- EXERCISE DETAILS: Produce as output only the lines below starting at the line with "33+ Quotes About" and continuing through the line with "For Sale: 1953", each one exactly as written.

- AVAILABLE DATA:
━━━━━━
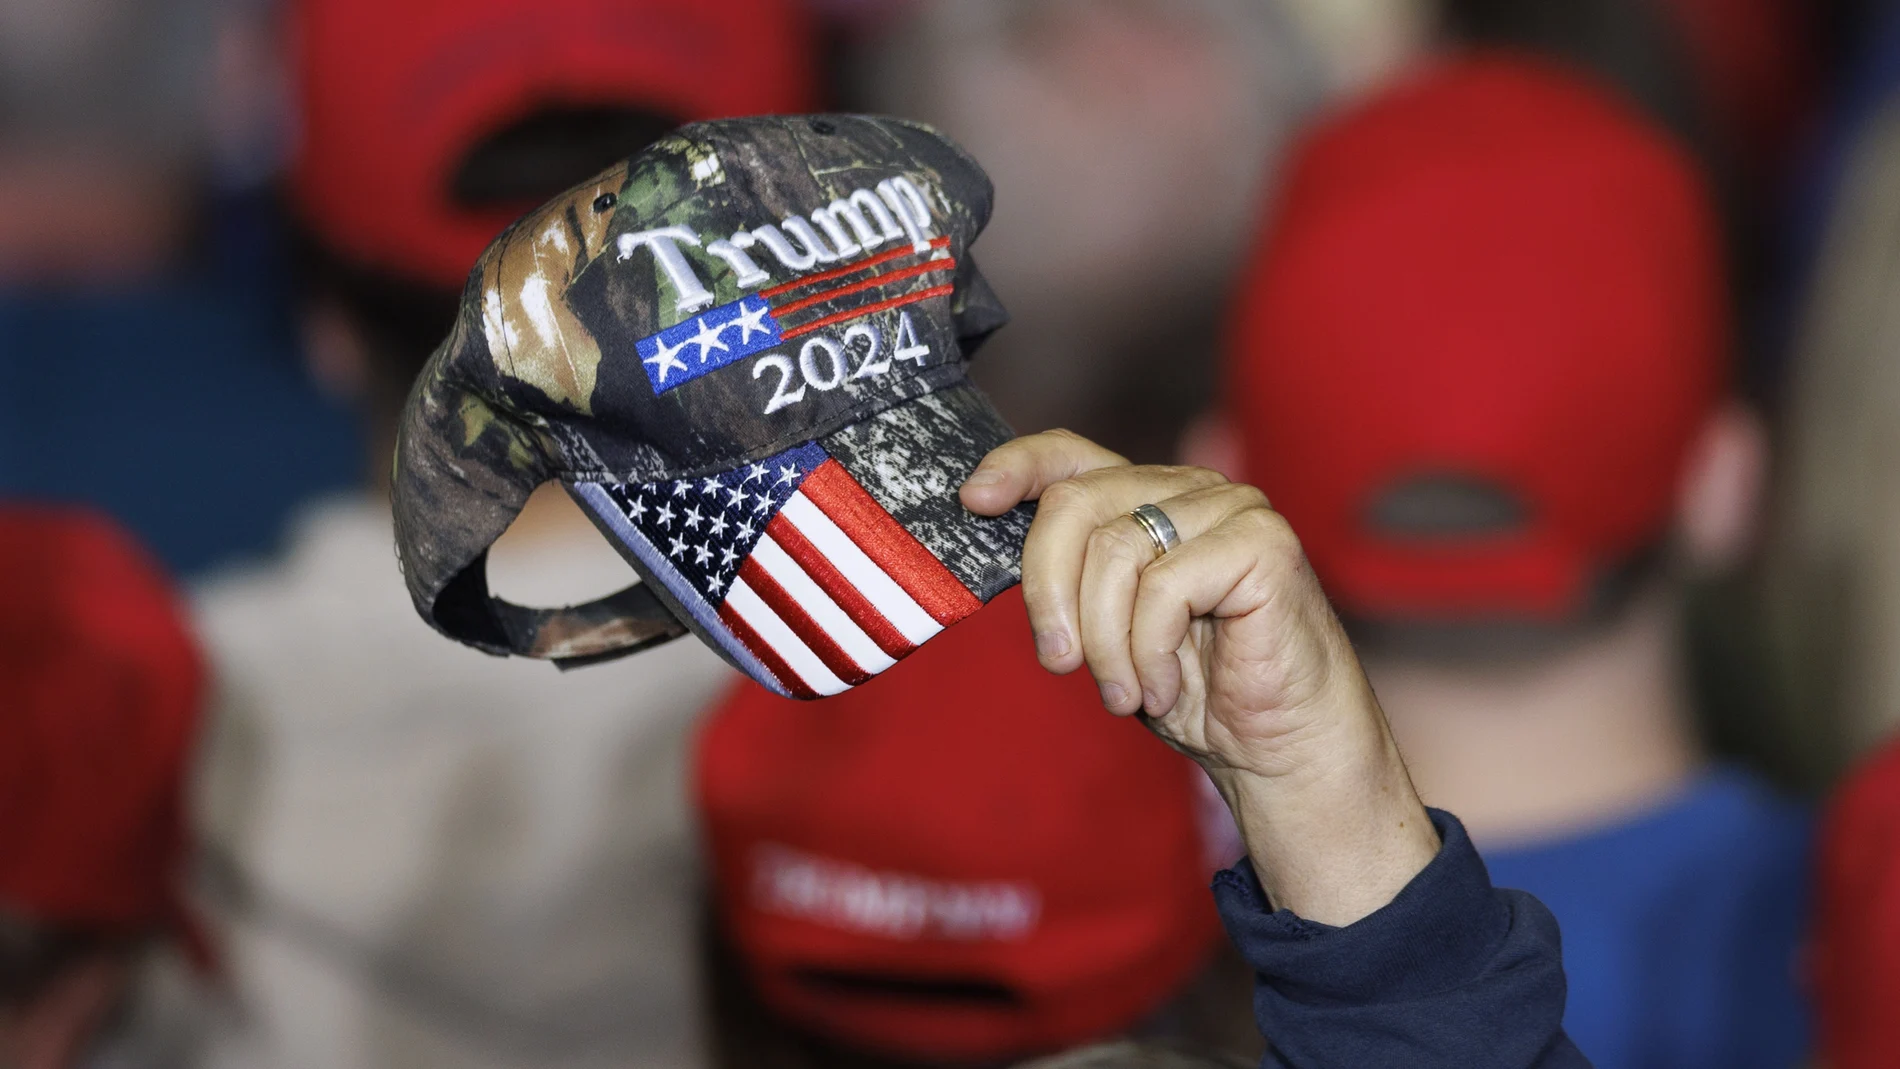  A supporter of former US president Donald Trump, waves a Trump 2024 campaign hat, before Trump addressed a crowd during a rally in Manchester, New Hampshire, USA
━━━━━━
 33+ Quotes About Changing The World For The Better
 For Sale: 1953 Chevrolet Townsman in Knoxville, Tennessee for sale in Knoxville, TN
━━━━━━
- PROBLEM SOLUTION:
 33+ Quotes About Changing The World For The Better
 For Sale: 1953 Chevrolet Townsman in Knoxville, Tennessee for sale in Knoxville, TN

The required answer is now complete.